#### Named Entity Recognition (NER) Practice

In [7]:
import spacy
from spacy import displacy
nlp = spacy.load("en_core_web_sm")

In [3]:
nlp.pipe_names

['tok2vec', 'tagger', 'parser', 'attribute_ruler', 'lemmatizer', 'ner']

In [6]:
text = "Apple is looking at buying U.K. startup for $1 billion"
doc = nlp(text)
for ent in doc.ents:
    print(ent.text, " | ", ent.label_, " | ", spacy.explain(ent.label_))
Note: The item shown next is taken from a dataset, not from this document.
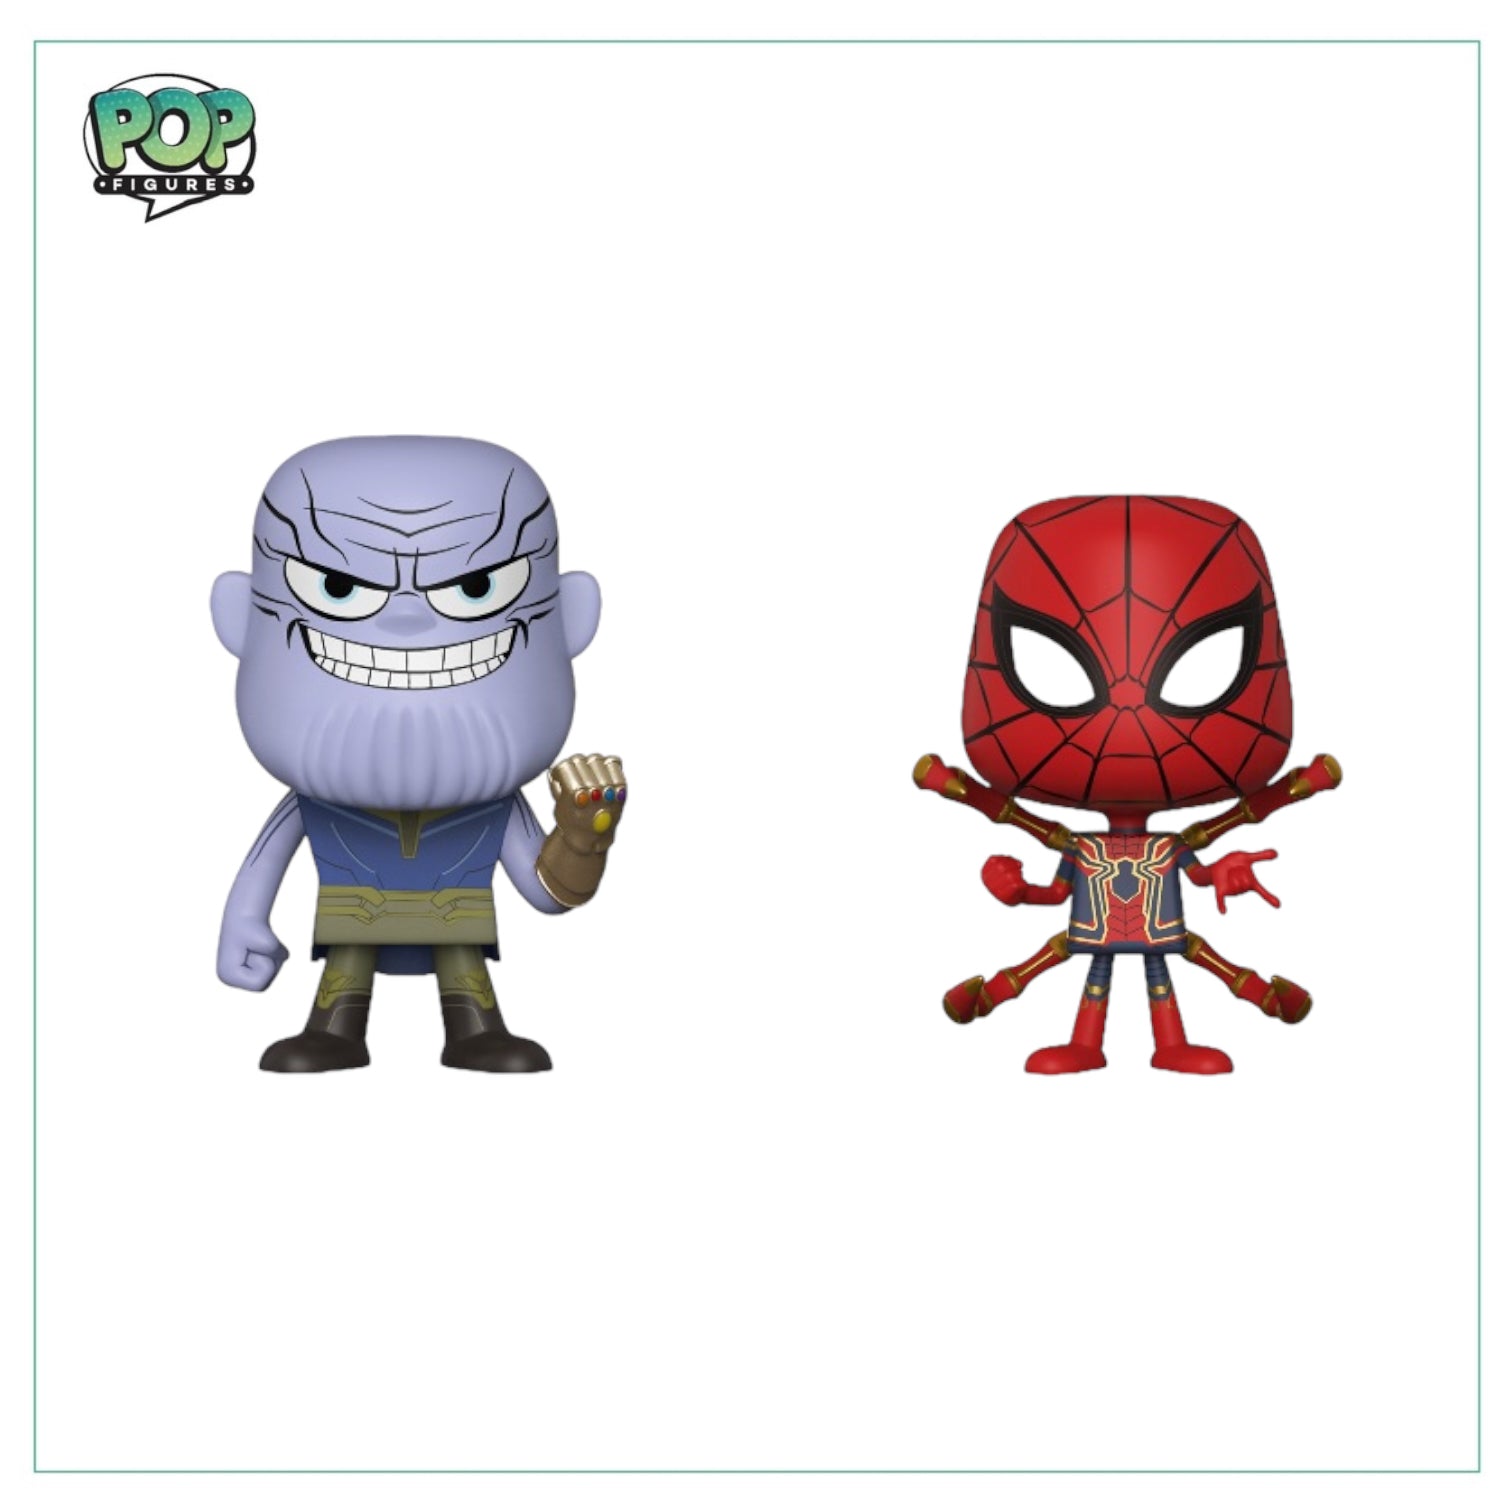 Thanos and Iron Spider 2 Pack Funko Vynl. - Infinity War - Marvel

Apple  |  ORG  |  Companies, agencies, institutions, etc.
U.K.  |  GPE  |  Countries, cities, states
$1 billion  |  MONEY  |  Monetary values, including unit


In [9]:
displacy.render(doc, style="ent", jupyter=True)

In [11]:
# All Entities available
for label in nlp.get_pipe("ner").labels:
    print(label, " : ", spacy.explain(label))

CARDINAL  :  Numerals that do not fall under another type
DATE  :  Absolute or relative dates or periods
EVENT  :  Named hurricanes, battles, wars, sports events, etc.
FAC  :  Buildings, airports, highways, bridges, etc.
GPE  :  Countries, cities, states
LANGUAGE  :  Any named language
LAW  :  Named documents made into laws.
LOC  :  Non-GPE locations, mountain ranges, bodies of water
MONEY  :  Monetary values, including unit
NORP  :  Nationalities or religious or political groups
ORDINAL  :  "first", "second", etc.
ORG  :  Companies, agencies, institutions, etc.
PERCENT  :  Percentage, including "%"
PERSON  :  People, including fictional
PRODUCT  :  Objects, vehicles, foods, etc. (not services)
QUANTITY  :  Measurements, as of weight or distance
TIME  :  Times smaller than a day
WORK_OF_ART  :  Titles of books, songs, etc.


Custome Entities with SpaCy

In [14]:
text2 = "X is looking to acquire Tesla for $2 million"
doc2 = nlp(text2)
for ent in doc2.ents:
    print(ent.text, " | ", ent.label_, " | ", spacy.explain(ent.label_))

# X is not recognized as an entity

Tesla  |  ORG  |  Companies, agencies, institutions, etc.
$2 million  |  MONEY  |  Monetary values, including unit


In [17]:
from spacy.tokens import Span
sub_part = doc2[0:1]
type(sub_part)

spacy.tokens.span.Span

In [19]:
tag = Span(doc2, 0, 1, label="ORG")
doc2.set_ents([tag], default="unmodified")

In [21]:
for ent in doc2.ents:
    print(ent.text, " | ", ent.label_, " | ", spacy.explain(ent.label_))

# Now X is recognized as ORG

X  |  ORG  |  Companies, agencies, institutions, etc.
Tesla  |  ORG  |  Companies, agencies, institutions, etc.
$2 million  |  MONEY  |  Monetary values, including unit